Я осторожно осматривался. Паранойя, уговаривал я себя. Что ж ты не угомонишься никак, старый вояка, стыдил я себя... В густой тени таможенного офиса пряталась сувенирная лавка. Покупательницей была пожилая дама, которая, присев прямо на прилавок, рассеянно перебирала подушки со значками. Симпатичная такая старушка, крохотная, но довольно пышных форм, в вязаной панаме кораллового цвета, прикрывающей жидкие седые кудри, в льняных брючках и парусиновых туфлях. Не о ней ли говорил мой спутник, намекая на слежку? Она-то как раз и смотрела на меня – в открытую разглядывала, вполне бесцеремонно. Или я заинтересовал пожилую даму просто как мужчина?

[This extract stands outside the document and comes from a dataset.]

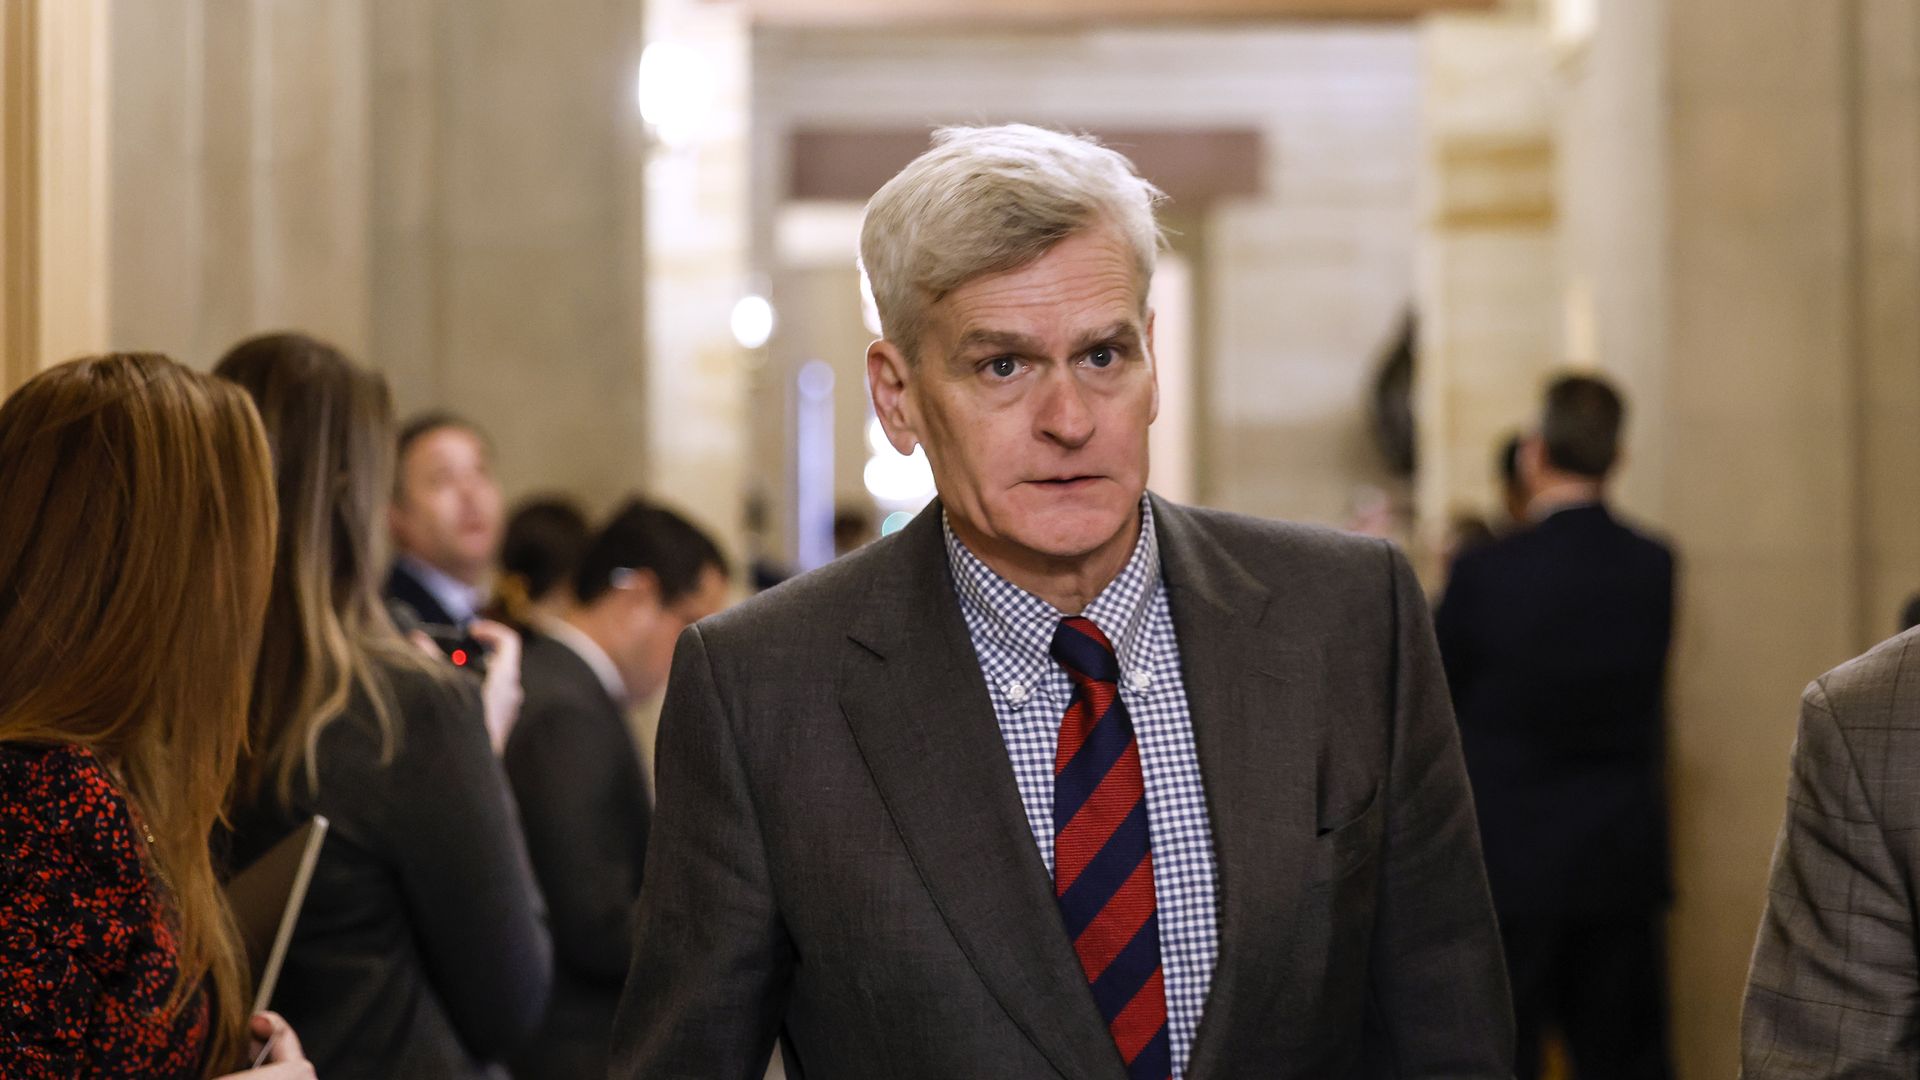 Senator Bill Cassidy walks through a hallway at the Capitol

– Так в чем же дело, дружок?
– Я не гид, Ваня, – застенчиво признался странный человек. – Вы, наверное, не поняли. Это ведь я во всем виноват.
– В чем?
– Хотя бы в том, что вы приехали в эту страну. Это я вас сюда вызвал.
Сумасшедший? Или они здесь так развлекаются? Я посмотрел на него внимательно. Я плохо на него посмотрел, не лучше того профессионального наблюдателя, который позаимствовал у Джека Лондона авторские права на свою национальность. Даже переложил на всякий случай чемодан из правой руки в левую: правая у меня ударная.

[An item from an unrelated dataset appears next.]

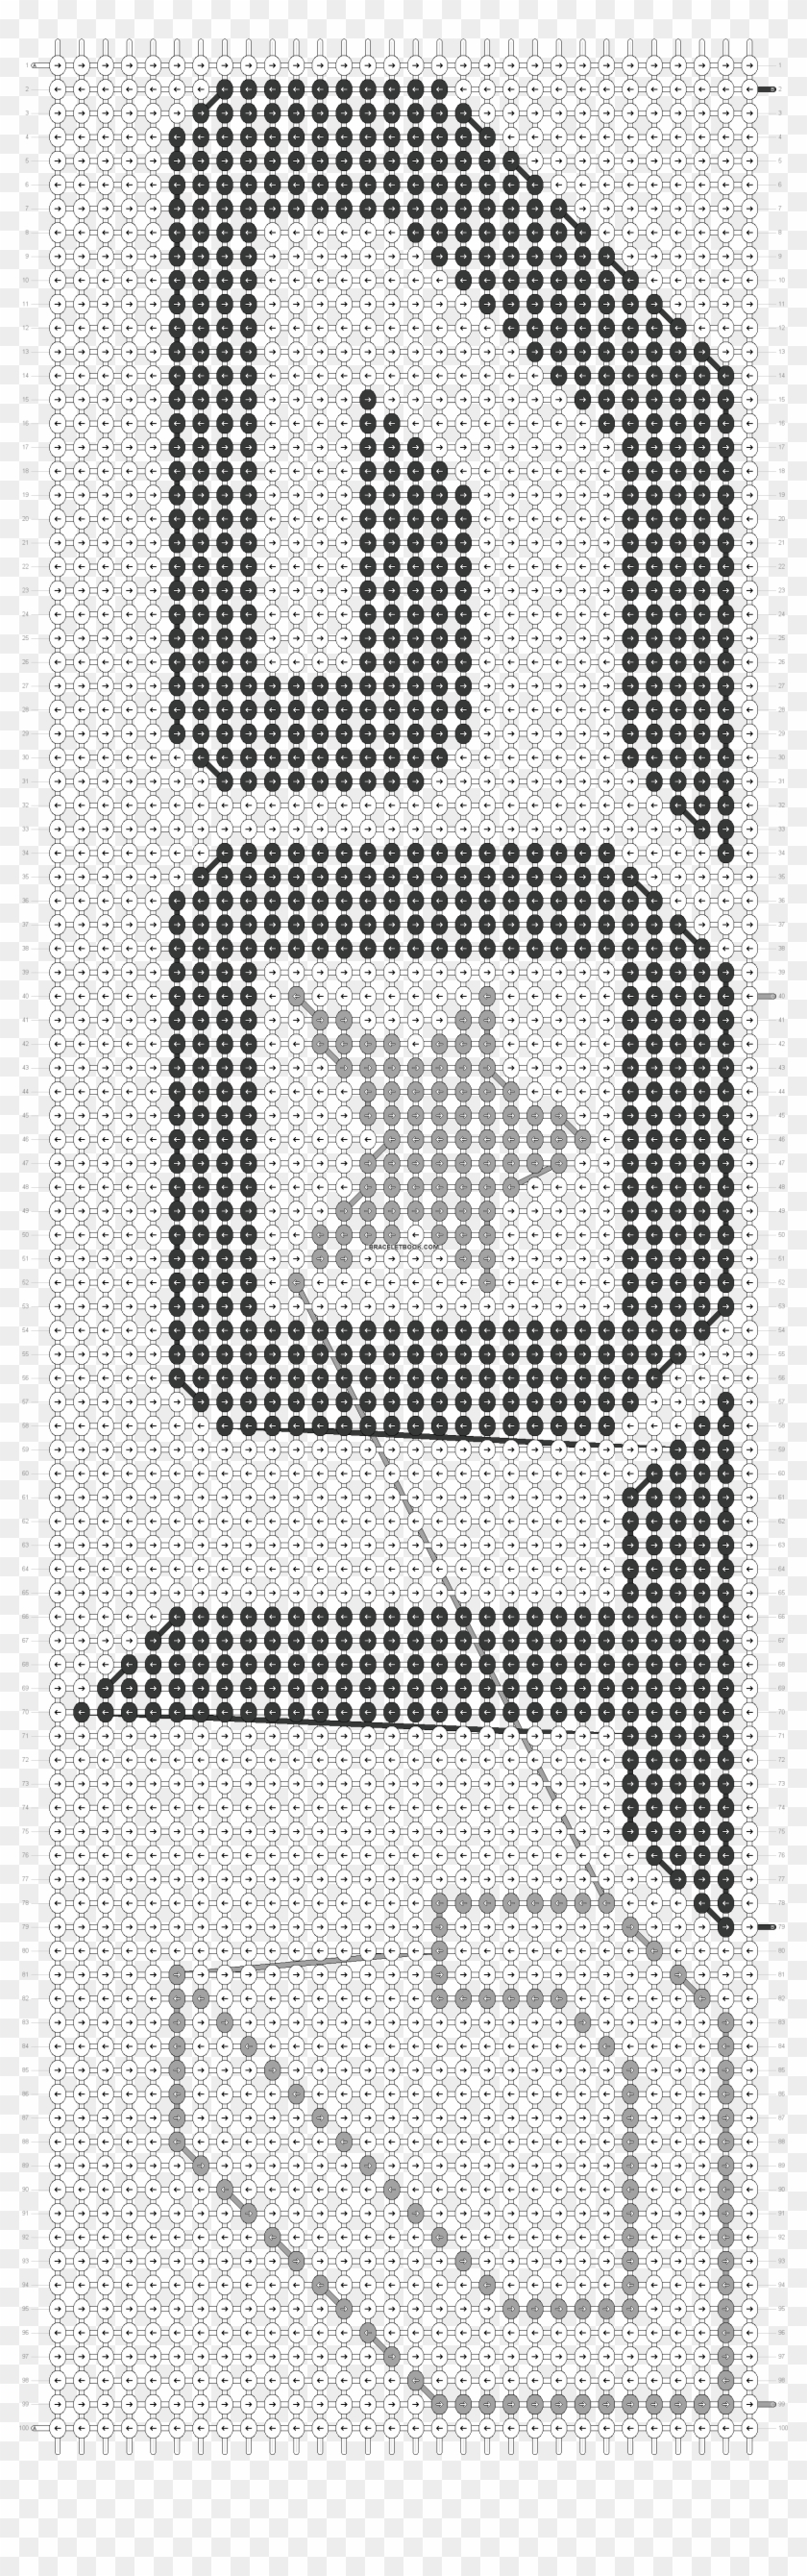 Alpha Pattern - Imagenes Pixeladas De Got7 Clipart

– Разумеется, – приветливо кивнул я ему. – Все в порядке, дружок, я же не против.
Он избегал моего взгляда.
– Смеетесь, Ваня. Правильно, я бы тоже на вашем месте смеялся. Жаль, что у нас почти не осталось времени поговорить... – Собеседник внезапно прервался и остро взглянул вверх. – Те, кто на нас смотрит, спустятся на вертолете, – он показал пальцем. – Оттуда.
– Вертолет тоже вы вызвали?
– Нет, вертолет вызвали те, кто нас сейчас подслушивает.
Ого, подумал я. Мания преследования. Забавно началось утро, нельзя не признать. Впрочем, этому человеку, вероятно, нужна помощь, а я тут шутки шучу вместо того, чтобы снять с пояса радиофон и срочно позвать более компетентных собеседников...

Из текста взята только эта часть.